(Action item) Reproduce the listing exactly, with no pictures in your copy.

START Data below

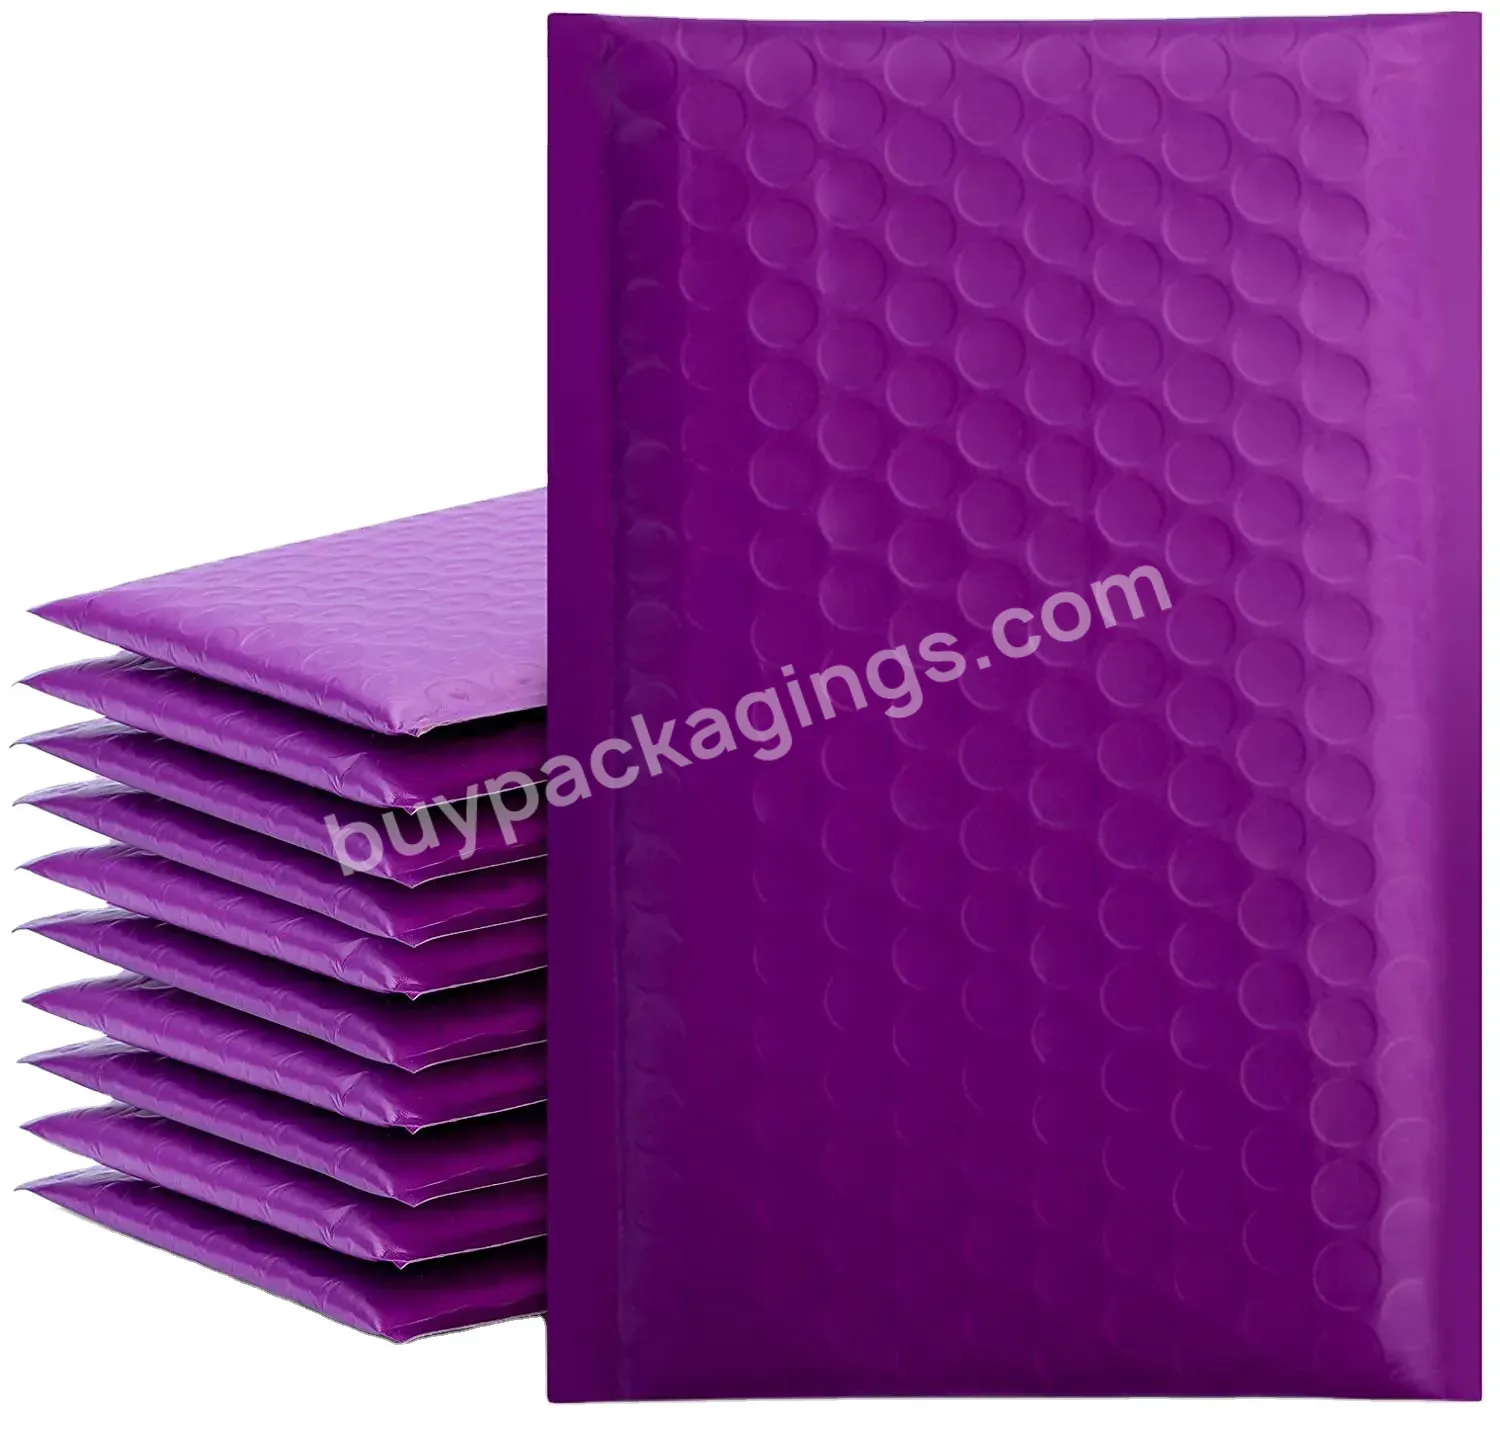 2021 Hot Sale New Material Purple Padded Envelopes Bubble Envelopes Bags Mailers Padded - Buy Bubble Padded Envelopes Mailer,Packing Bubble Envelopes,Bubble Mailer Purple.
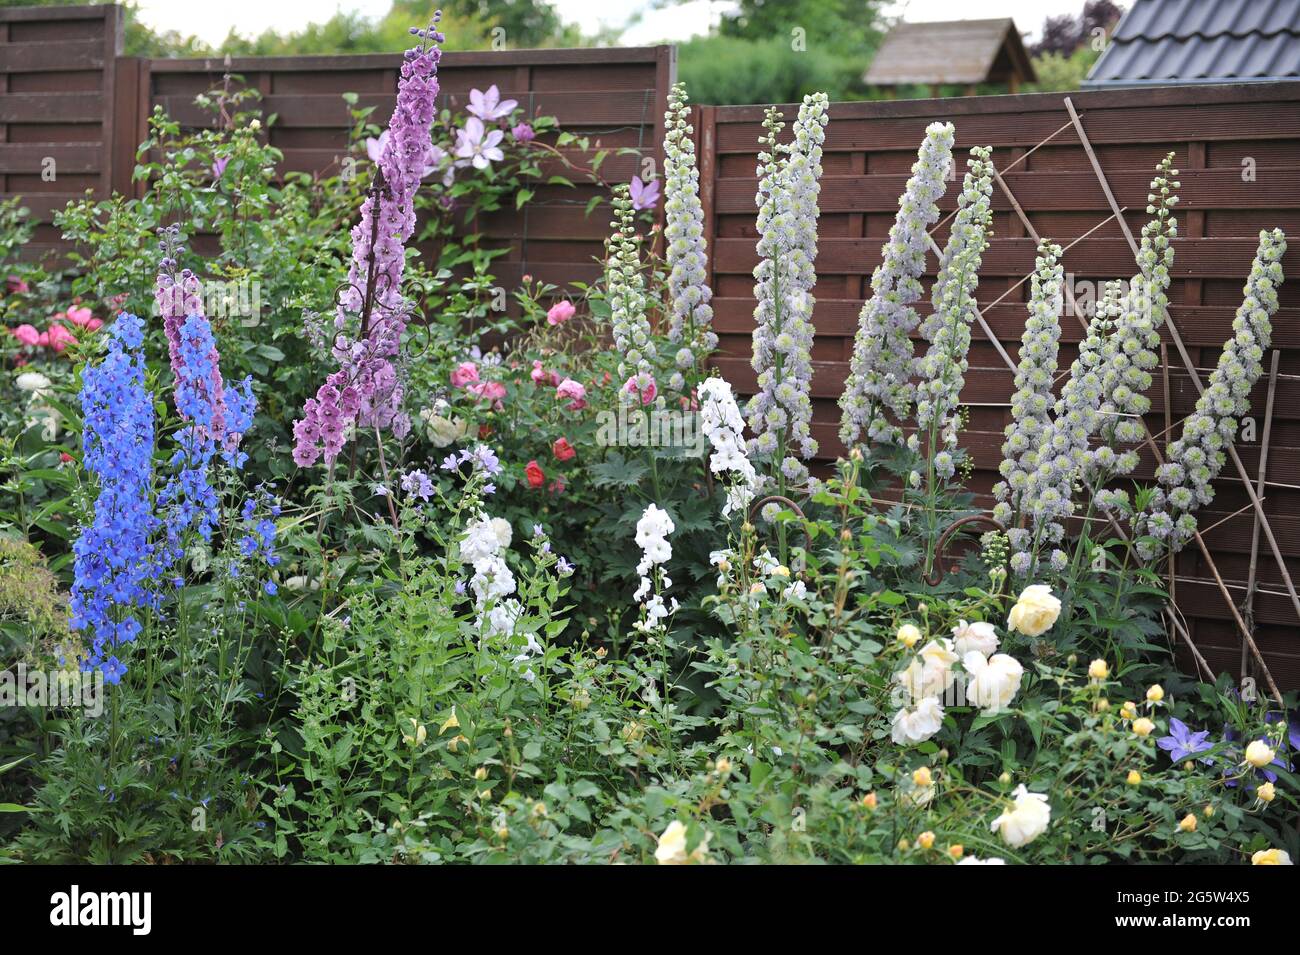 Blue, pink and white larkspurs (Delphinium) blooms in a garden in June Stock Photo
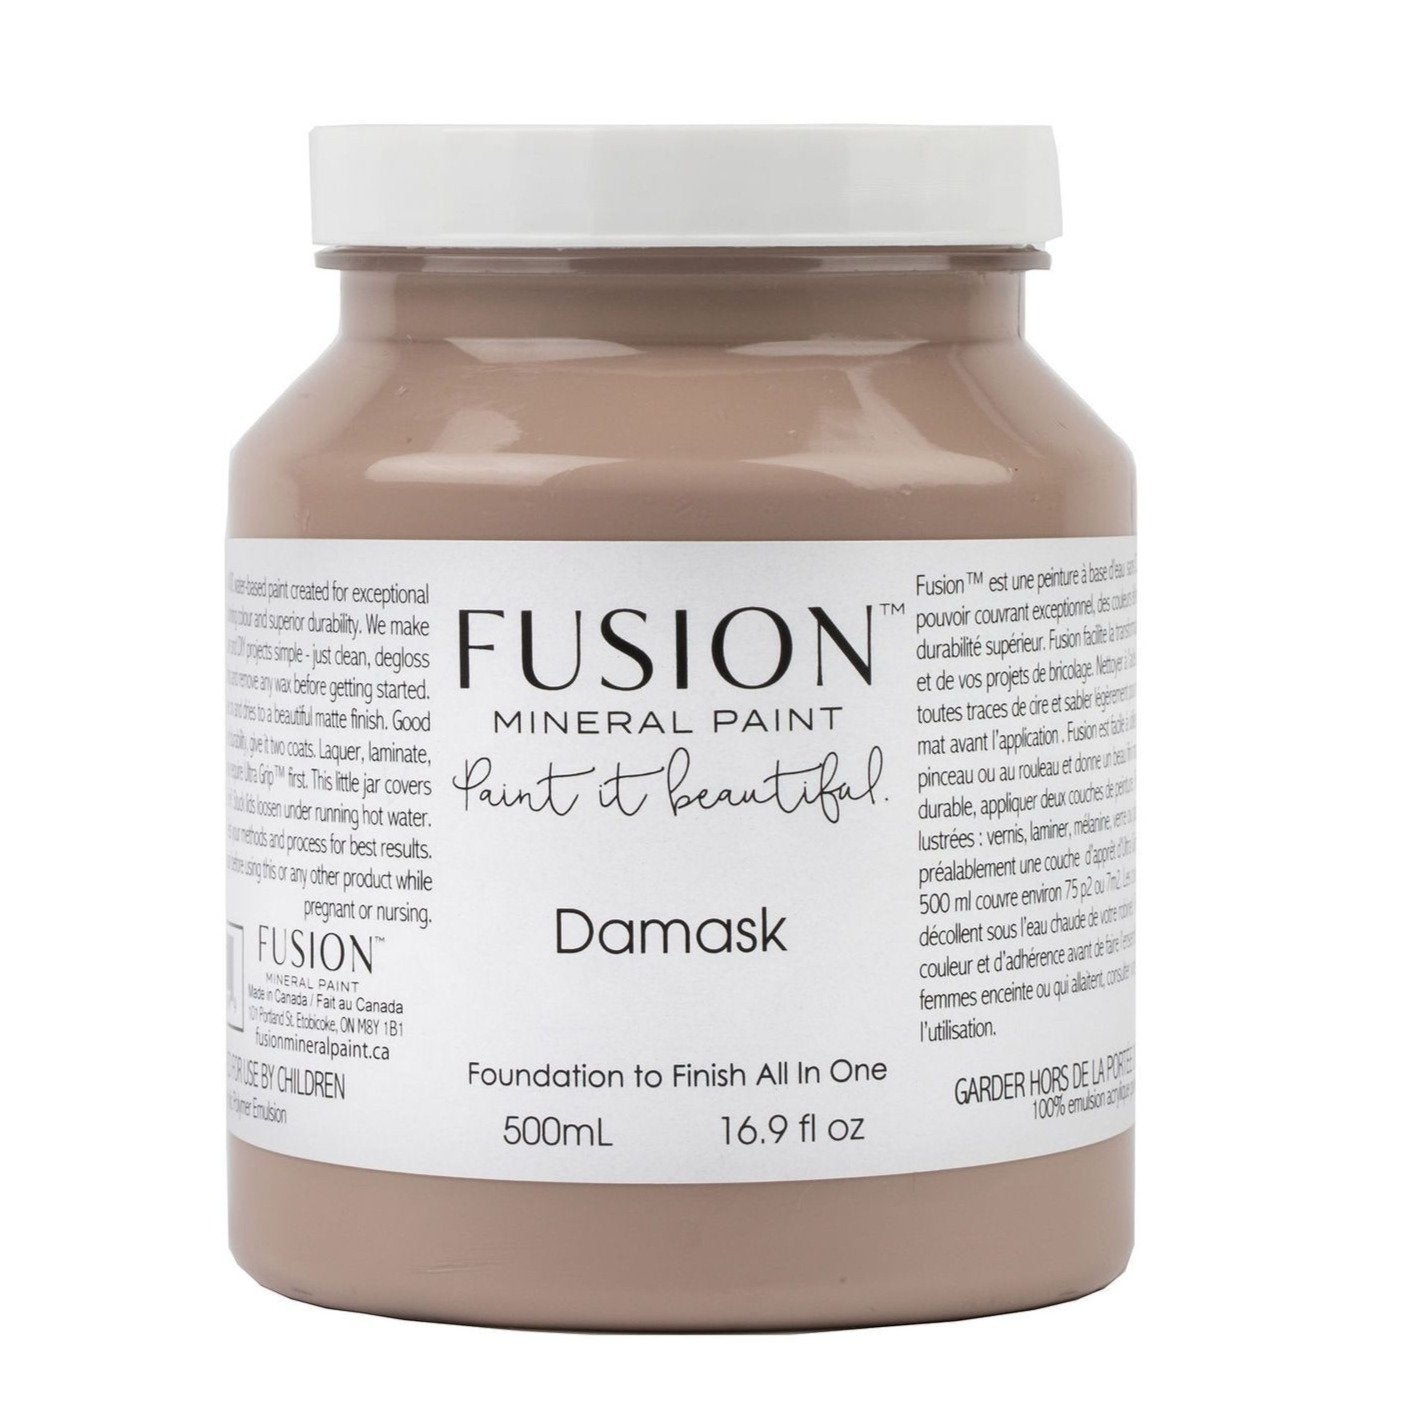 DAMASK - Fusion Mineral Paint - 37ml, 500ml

END Data below

(Solution to the exercise)
 2021 Hot Sale New Material Purple Padded Envelopes Bubble Envelopes Bags Mailers Padded - Buy Bubble Padded Envelopes Mailer,Packing Bubble Envelopes,Bubble Mailer Purple.
 Blue, pink and white larkspurs (Delphinium) blooms in a garden in June Stock Photo
 DAMASK - Fusion Mineral Paint - 37ml, 500ml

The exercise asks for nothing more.